Pesto is a wonderful medicated utility recipe to have around because it has so many uses. Serve versatile pesto sauce with pasta or over steamed or grilled vegetables, chicken, fish, or tofu for an instant meal. You can even use a light coating of pesto instead of sauce on pizza.
With strong flavor components like fresh basil, garlic, olive oil, and Parmesan cheese, you’ll never notice the taste of the cannabis-infused oil in this recipe. Buy basil on sale, make a big batch of medicated pesto keep in your freezer for longer storage. That way you can spoon out just the amount you need at any given time.
I use Marijuana Oil, specifically marijuana olive oil, to medicate this recipe. My Making Marijuana Oil tutorial will help you learn how to make it.
Freezer Friendly Marijuana Pesto Sauce
For longer storage, freeze cannabis pesto sauce. When you want to enjoy a medicated entrée, remove the portion you need, bring to room temperature, and proceed with your recipe.
A note about the Dosing on this recipe!
This recipe will have about 44 mg THC per serving IF you made your marijuana oil from average cannabis (10% THC) and used 1/2 ounce of marijuana to make 1 cup oil. To adjust the dosage for your personal needs and to reflect the strength of the marijuana you are cooking with and the amounts you used to make your oil, be sure to take my FREE 10 minute online Dosing Class that will teach you how to do it, or use my handy dosage calculator tools that do all the math for you (see below).

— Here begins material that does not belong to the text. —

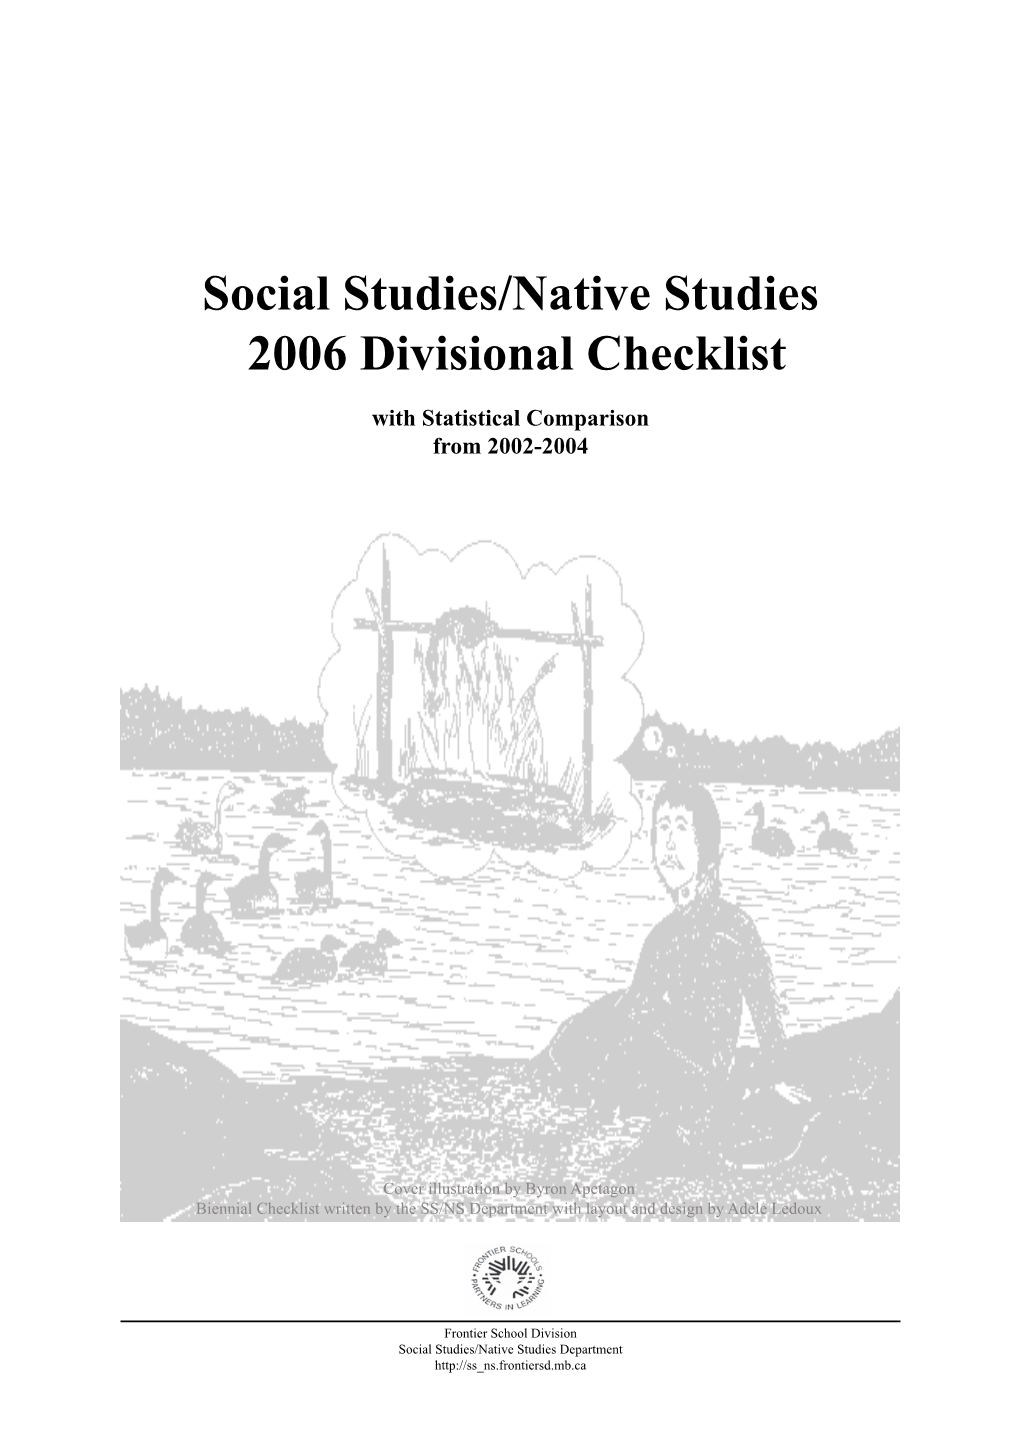 Social Studies/Native Studies 2006 Divisional Checklist
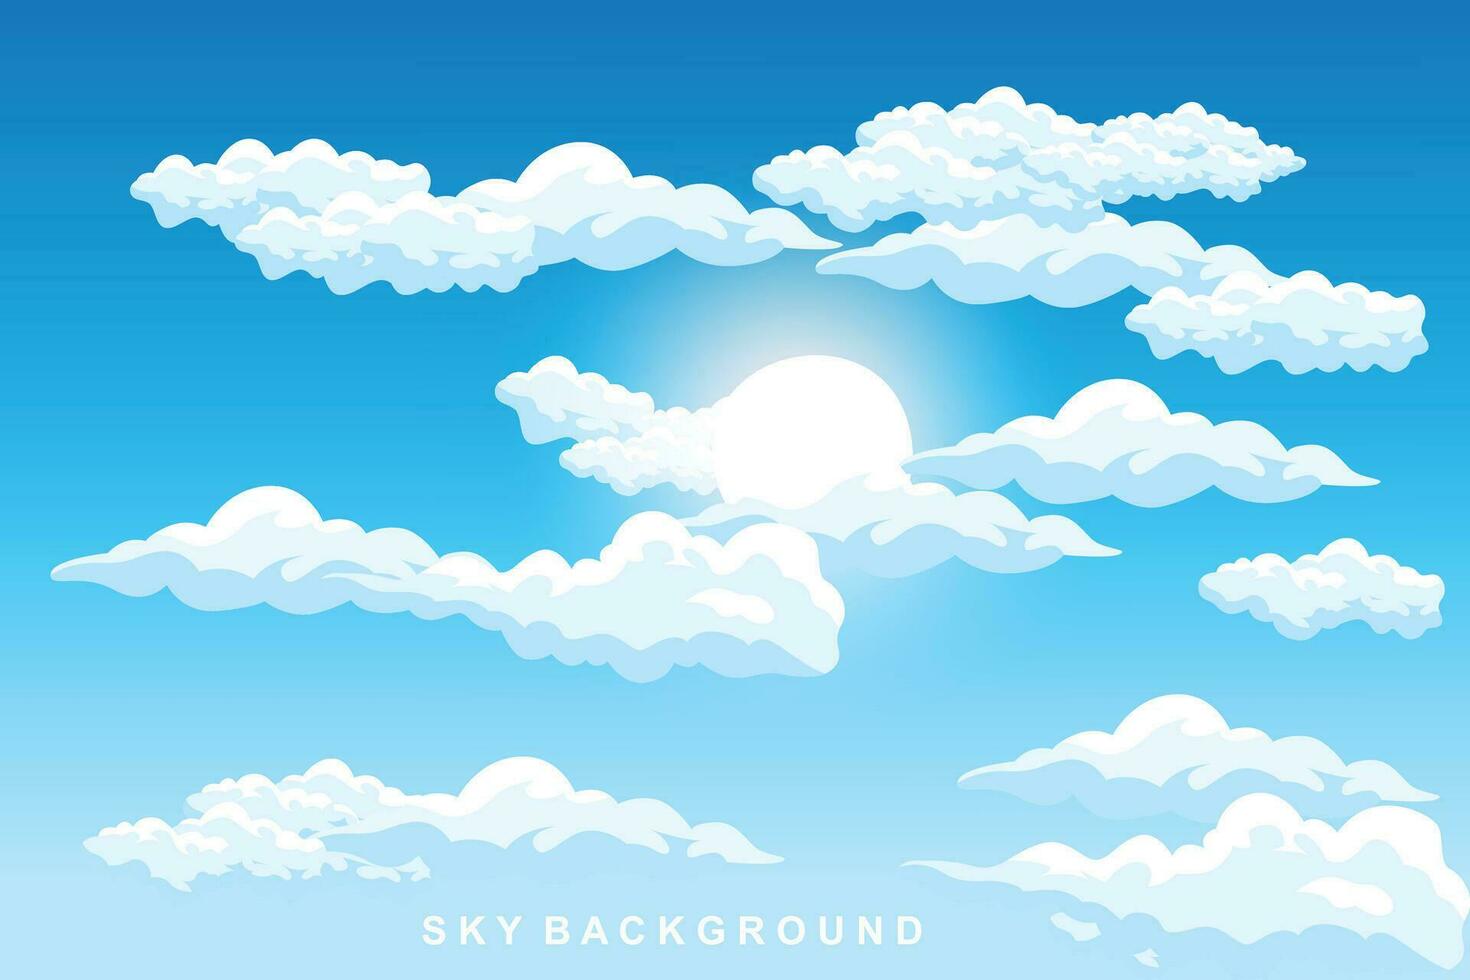 lucht wolk achtergrond ontwerp illustratie sjabloon vector decor banier en poster

Cheri's Dosage Calculators
Perfect dosing every time, even when not cooking with lab tested weed. Easy to use!
Marijuana Recipes: Classic Cannabis Infused Pesto
- 1 cup loosely packed fresh basil
- 3/4 teaspoon minced garlic
- 1/2 cup freshly grated Parmesan cheese
- 1/4 cup toasted pine nuts or walnuts
- 2 tablespoons canna-olive oil see note above
- 6 tablespoons olive oil
- Salt and pepper to taste
- In the bowl of a food processor or blender combine basil, garlic, Parmesan, and pine nuts or walnuts. Process to mix.
- With machine running, slowly drizzle in canna-olive oil and regular olive oil, if using.
- Season to taste with salt and pepper.